# Answering Math Questions at Retail Job Interviews

When you're asked math questions during a retail job interview, the interviewer wants to know that you have basic math skills, even though the cash register may automatically calculate the change for you.

Here are tips to help figure out the correct change and estimate discounts and tax when a customer purchases merchandise.

## Counting Out Change

When you are making the change for a cash purchase, even if the cash register does the math for you, always count the change back to the customer.

• Example: The customer makes \$23.78 in purchases, and gives you \$30.00. You count back to the customer: "22 cents makes 24 dollars, 1 dollar makes \$25, and 5 makes \$30."
• Example: The customer makes \$11.56 in purchases, and gives you \$15.06. You count back to the customer: "50 cents makes 12 dollars, 1,2,3 dollars make \$15."

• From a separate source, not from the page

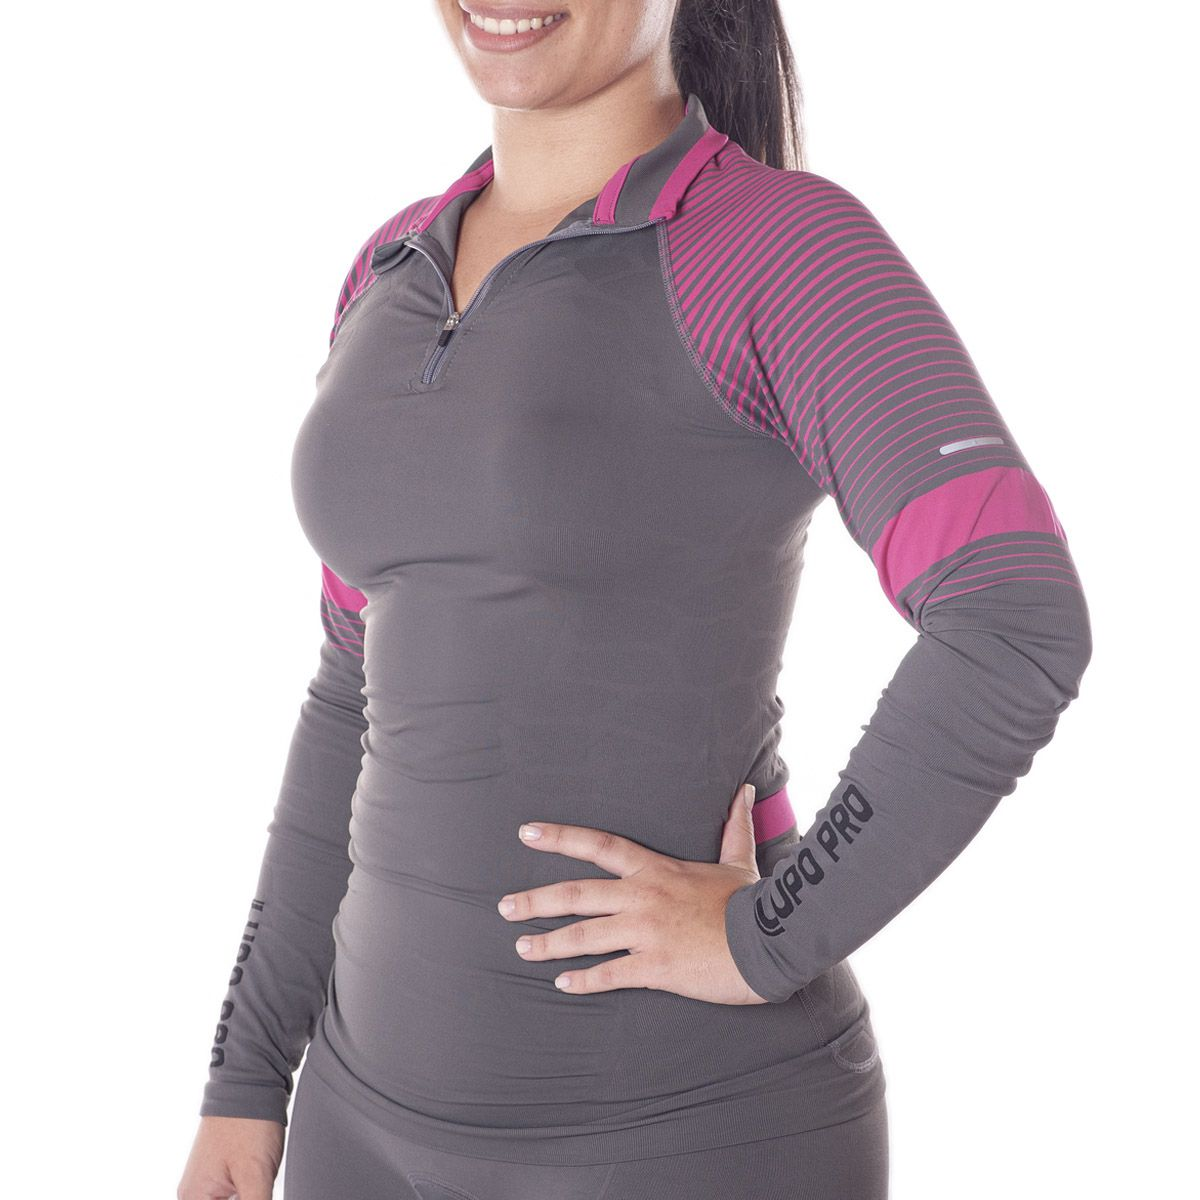 Camiseta para ciclismo manga longa feminina Lupo .

You don't need to say it aloud, but count it out (at least in your head) while you are making change. You will make fewer mistakes this way.

## Making Change

If you're asked about keeping cash in the register and what bills to use for making change, explain that you understand that it’s important to make sure your register is well stocked.

Retail establishments always set a base amount of money they need to keep in a cash register (typically \$200) but it can vary based on retailers average daily sales. It’s important to keep adequate amounts of the most commonly used bills (1-dollar and 20-dollar bills) on hand. Whenever possible, you should also make change using bills of the highest denomination so that you don’t exhaust your supply of 1-dollar bills.

When making change, it's best to use the largest denomination bill you can. Less counting is less opportunity for mistakes in counting (or having bills stick together).

• Example: A customer wants to know the price of an item that is regularly \$39.99, and it's 30% off. Round up to \$40.00, 10% would be \$4.00, times 3 would be 30% and \$12.00 off. \$40-\$12 is \$28.
• Example: The regular price of an item is \$70, and it's 25% off. 10% is \$7.00, times 2 is \$14, plus half of 10% is 5%, or \$3.50. 25% is \$14+\$3.50=\$17.50. \$70-\$17.50 is \$52.50. Another way to look at 25% is to call it 1/2 of 50%. 50% of \$70 is \$35, so 25% is \$35 divided by 2, or \$17.50. \$70-\$17.50 is \$52.50.
• Example: An item costs \$140, and the tax rate is 8.25%. 5% would be \$7.00, plus (a little more than half again ~3%) approximately \$4.00 is \$11.00. \$140+\$11 = \$151.00 for the approximate total cost of the item, tax included.

## Calculating Discounts

You may be asked about calculating discounts for a customer. To give an easy, quick estimate of a percentage off, figure 10%, and multiply by the tens.

This may not be an exact number, depending on the change, but it's close enough to give a good estimate.

## Estimating Tax

Tax can be estimated in the same way. Go with 5 percent and 10 percent, and you can get a number close enough to help a customer decide if they want the item.

Again, the actual cost may be a little different, but your estimate is able to help the customer make a more informed decision about their purchase.

## Using Simple Calculations to Avoid Mistakes

Making some simple calculations in your head when you are checking out customers will help you to catch silly mistakes that can be avoided.

If you know that the purchase is that \$70 item at 25 percent off, and your register reads \$27.32 as an amount due, you're going to know that something went haywire, and you can fix it before the customer leaves the store.

Paying attention to the details is what makes a superior sales associate and that's what interviewers are looking for when they ask math questions during a job interview. They not only want to be sure you can do the math, but they also want to make sure that you can estimate pricing, if necessary.